2.7 Unit Contribution Plot

The synthdid::synthdid_units_plot() function shows which donor units contribute to the synthetic control and by how much:

synthdid::synthdid_units_plot(tau_sc) + ama_theme()


3. causalverse Synthetic Control Functions

The causalverse package provides a suite of wrapper and extension functions around synthdid that offer additional estimators, staggered adoption support, standardized output formatting, and convenient visualization. This section covers each function in detail.

3.1 Available Estimation Methods

The causalverse package supports six estimation methods through a unified interface:

Method Description Key Characteristics
"did" Difference-in-Differences Equal unit weights, uniform time weights
"sc" Synthetic Control Data-driven unit weights, uniform time weights
"sc_ridge" SC with Ridge Penalty Adds ridge regularization to SC unit weights
"difp" De-meaned SC Intercept shift + SC (Doudchenko & Imbens, 2016; Ferman & Pinto, 2021)
"difp_ridge" De-meaned SC with Ridge Ridge-penalized version of difp
"synthdid" Synthetic DID Data-driven unit AND time weights (Arkhangelsky et al., 2021)

The ridge penalty variants add a regularization term ηω22\eta \|\omega\|_2^2 to the weight optimization, where η\eta is set to (N1T1)1/4(N_1 \cdot T_1)^{1/4} with N1N_1 being the number of treated units and T1T_1 the number of post-treatment periods. This helps when the donor pool is small or the pre-treatment fit is imperfect.

The de-meaned (difp) methods implement the approach of Doudchenko and Imbens (2016), which allows for an intercept in the synthetic control model.

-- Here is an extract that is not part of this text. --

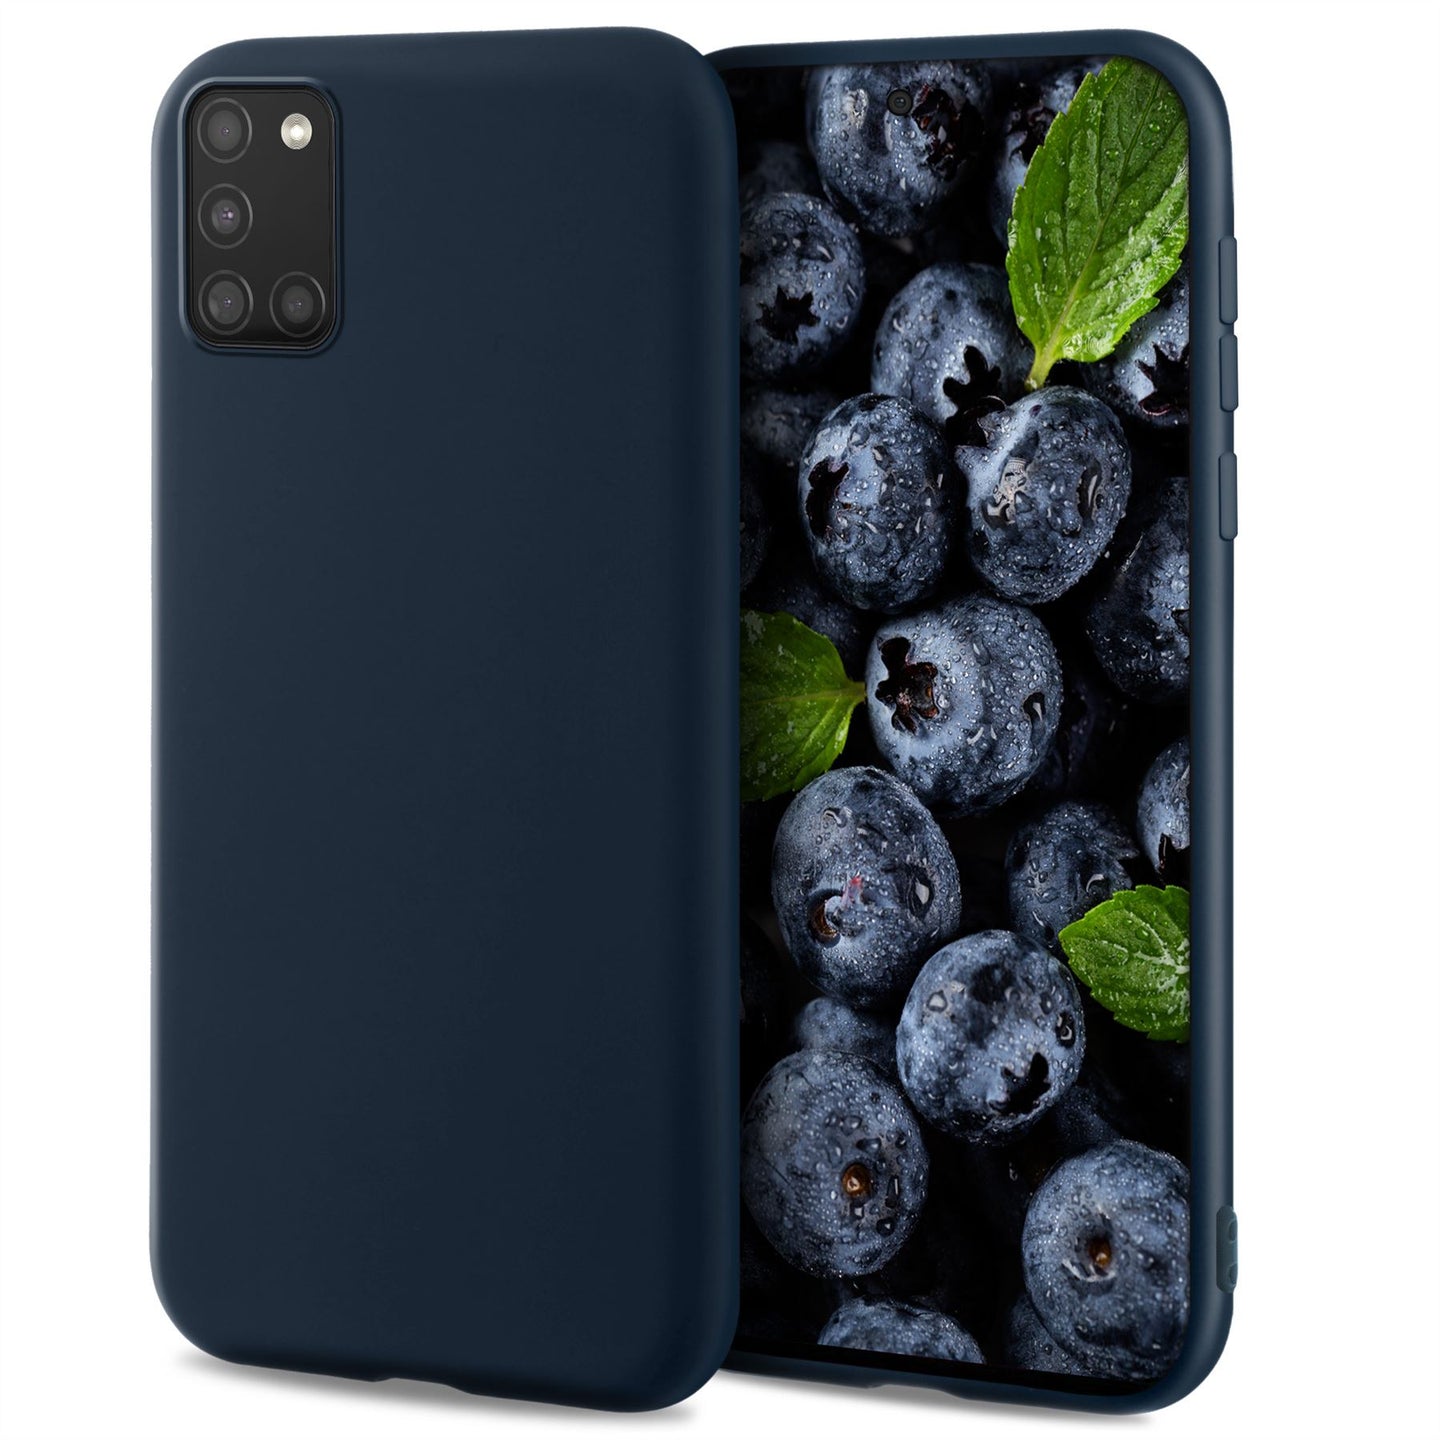 Moozy Lifestyle. Designed for Samsung A51 Case, Midnight Blue - Liquid Silicone Cover with Matte Finish and Soft Microfiber Lining

Instead of requiring the synthetic control to match the treated unit’s level exactly, it only needs to match the demeaned trajectory. This relaxes the convex hull condition and can improve performance when the treated unit’s outcome level lies outside the range of donor units. Ferman and Pinto (2021) provide theoretical justification for this approach when pre-treatment fit is imperfect.

3.2 Comparing All Methods with panel_estimate()

The panel_estimate() function runs multiple estimators on the same panel setup and returns both point estimates and standard errors. This allows for easy comparison across methods.

Function signature:

panel_estimate(
  setup,
  selected_estimators = setdiff(names(panel_estimators), "mc"),
  mc_replications = 200,
  seed = 1
)

Arguments:

  • setup: A list from synthdid::panel.matrices() containing Y, N0, and T0.
  • selected_estimators: Character vector of estimator names. Available options: "synthdid", "did", "sc", "difp", "mc", "sc_ridge", "difp_ridge". By default, all except "mc" (Matrix Completion) are used.
  • mc_replications: Number of Monte Carlo replications for the "mc" estimator’s standard errors.
  • seed: Random seed for reproducibility.

Example: Comparing all estimators on California Proposition 99:

setup <- synthdid::panel.matrices(synthdid::california_prop99)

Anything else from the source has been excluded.